- **HOW TO COMPLETE THIS TASK**
From the line containing "Burnt West Pier" down to the line containing "santa spy cam app android", copy out the entries below exactly, both lines included, and nothing else; pictures do not belong in the copy.

[STORED DATA Boundary: Start]

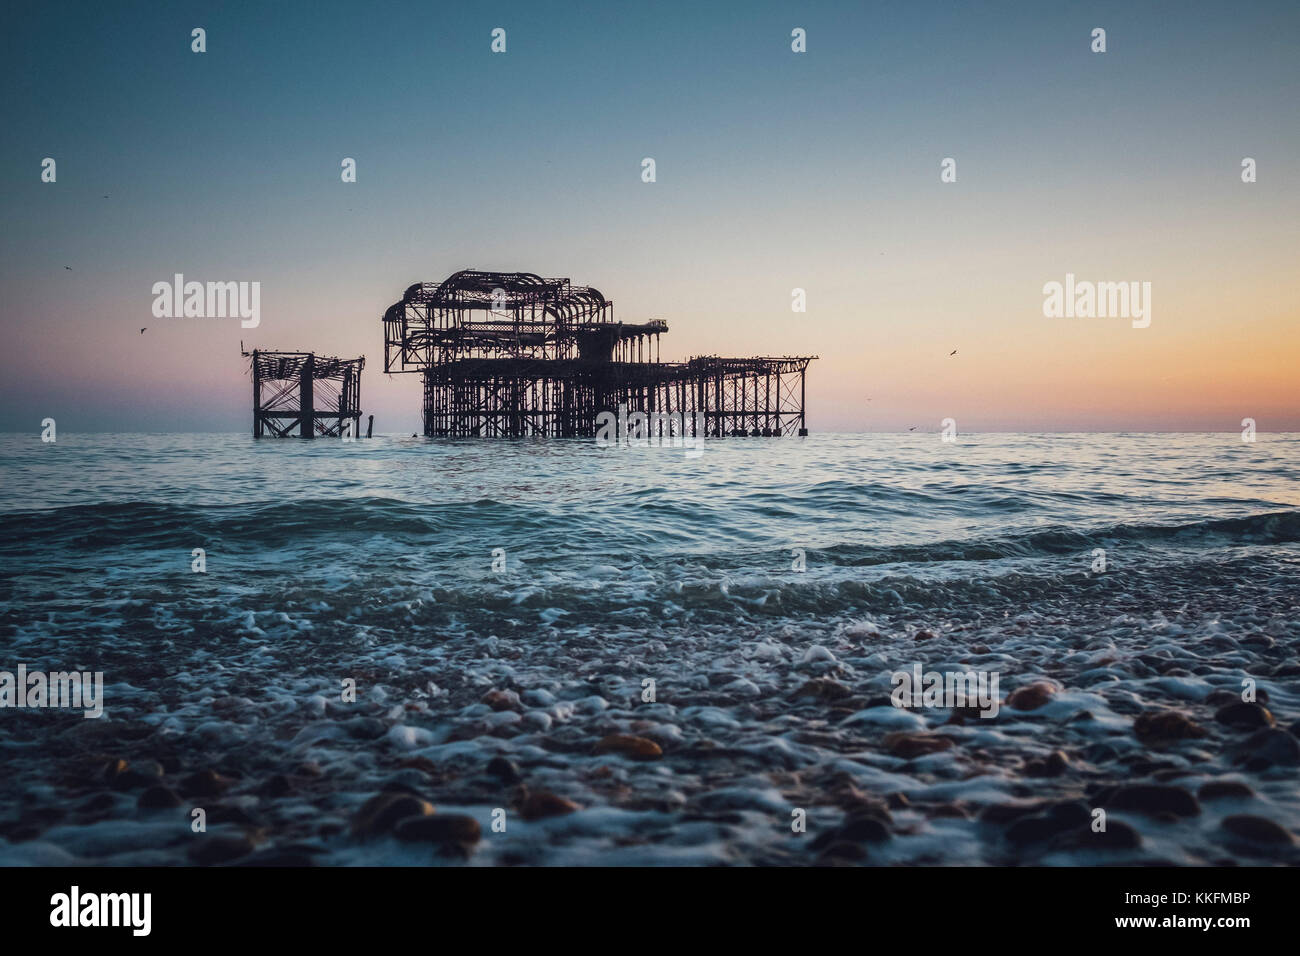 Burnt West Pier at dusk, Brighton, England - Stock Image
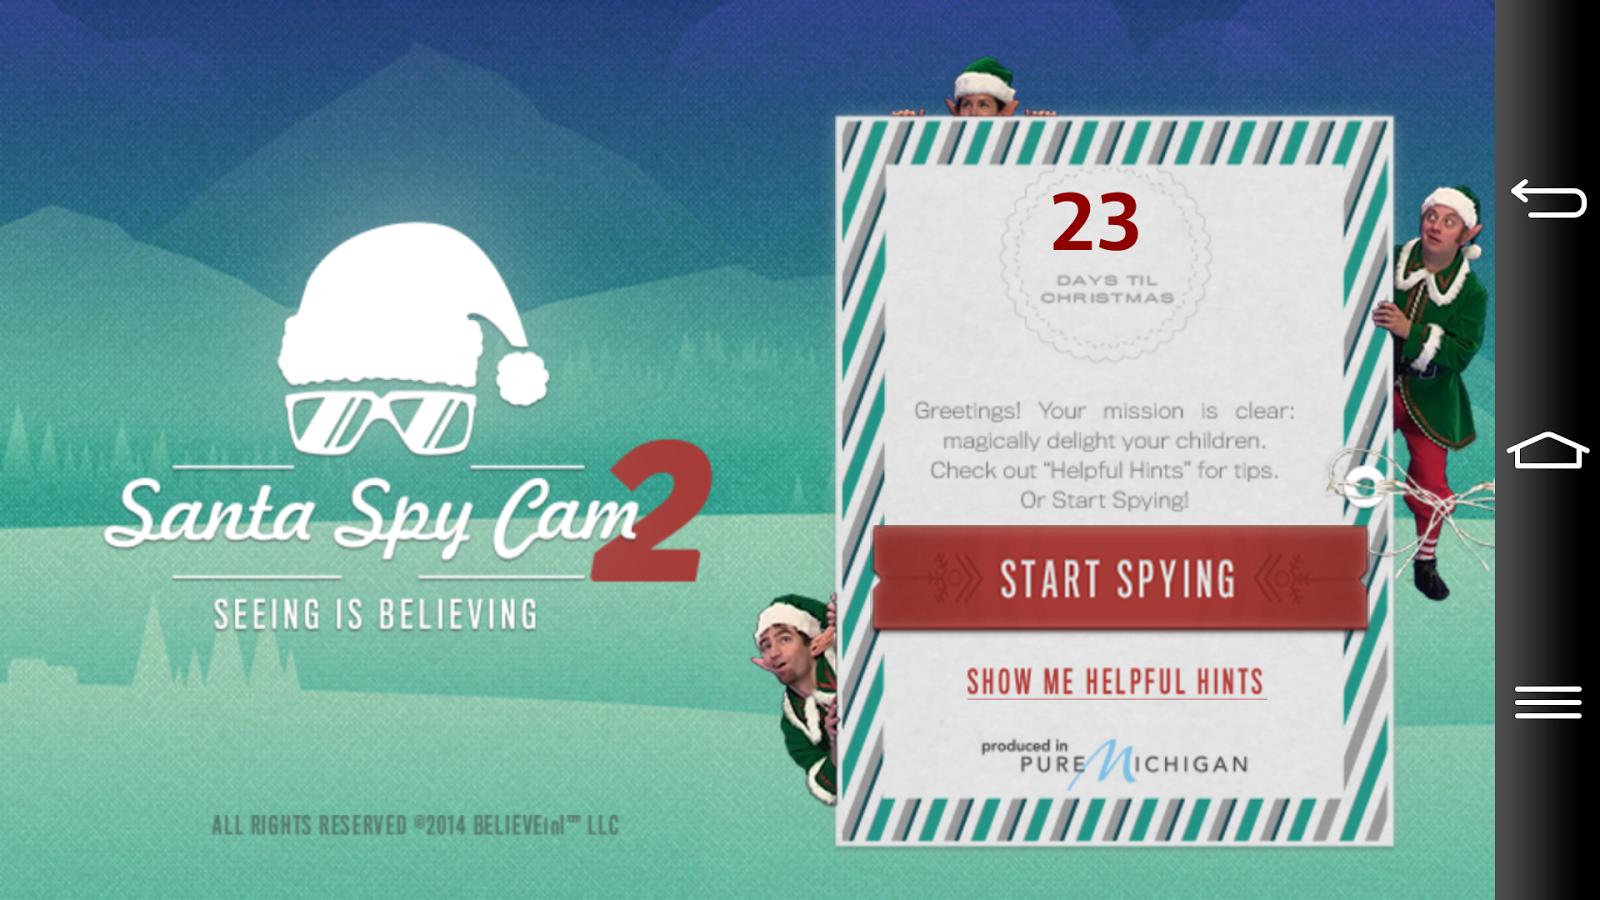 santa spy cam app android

[STORED DATA Boundary: End]
[STORED DATA Boundary: Start]

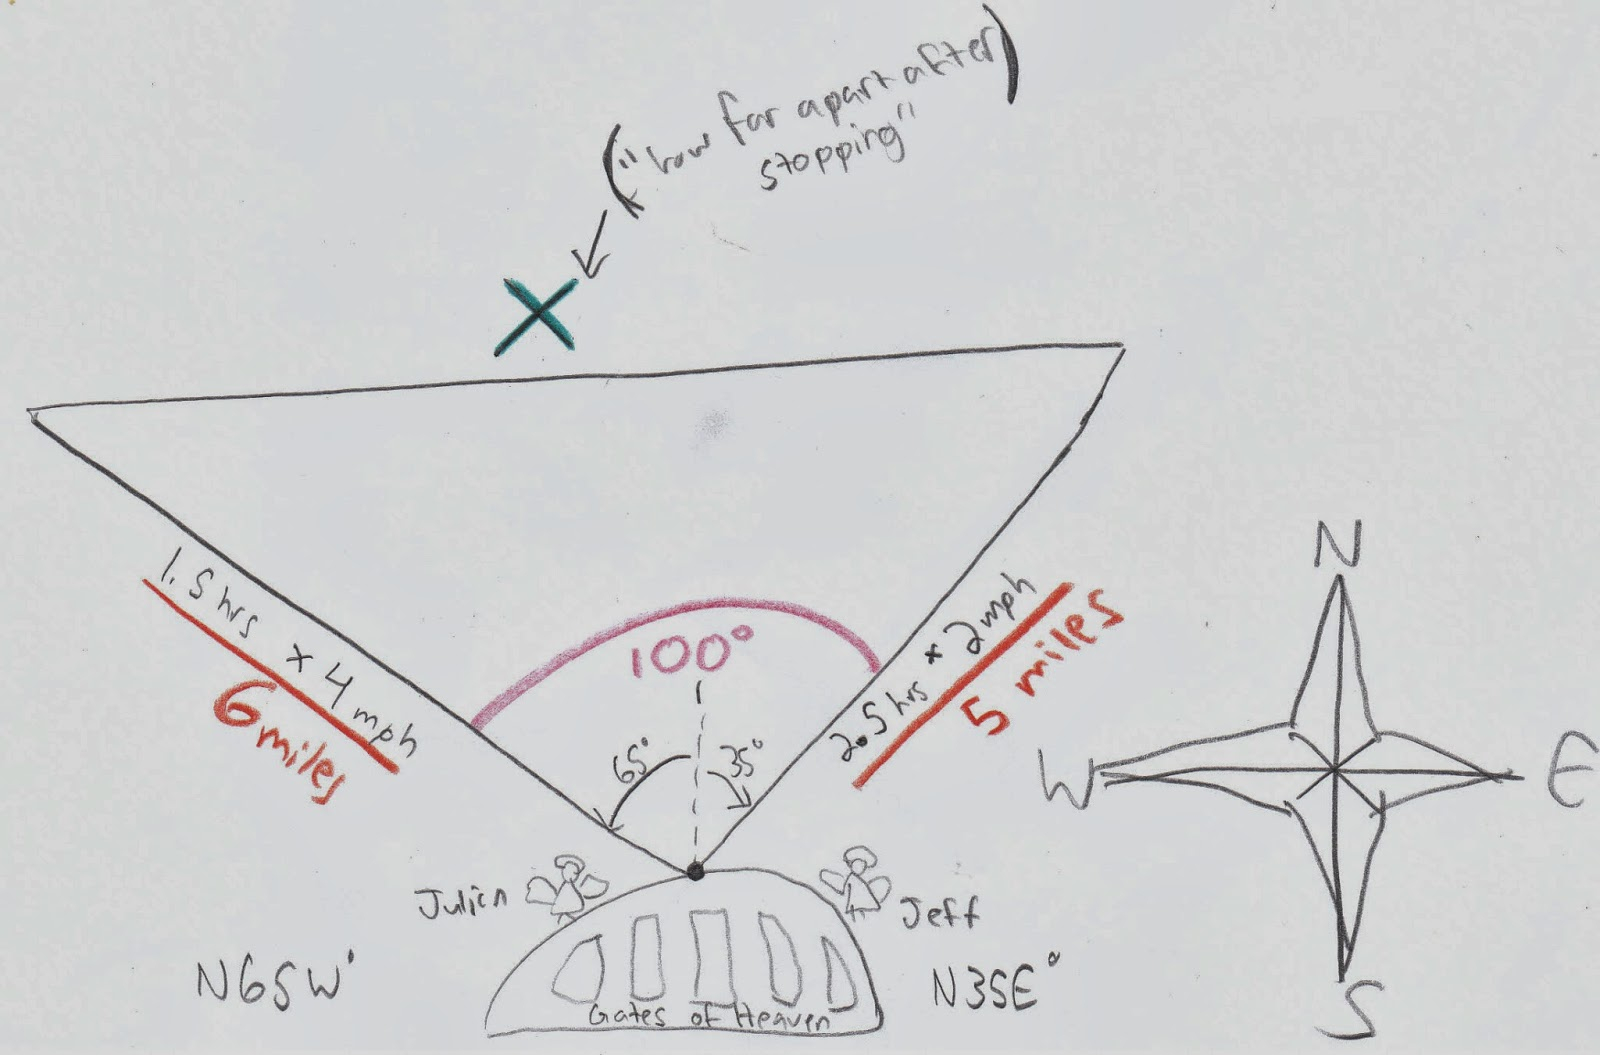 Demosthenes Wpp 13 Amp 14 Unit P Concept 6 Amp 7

[STORED DATA Boundary: End]

- **SOLUTION TO THIS EXERCISE**
 Burnt West Pier at dusk, Brighton, England - Stock Image
 santa spy cam app android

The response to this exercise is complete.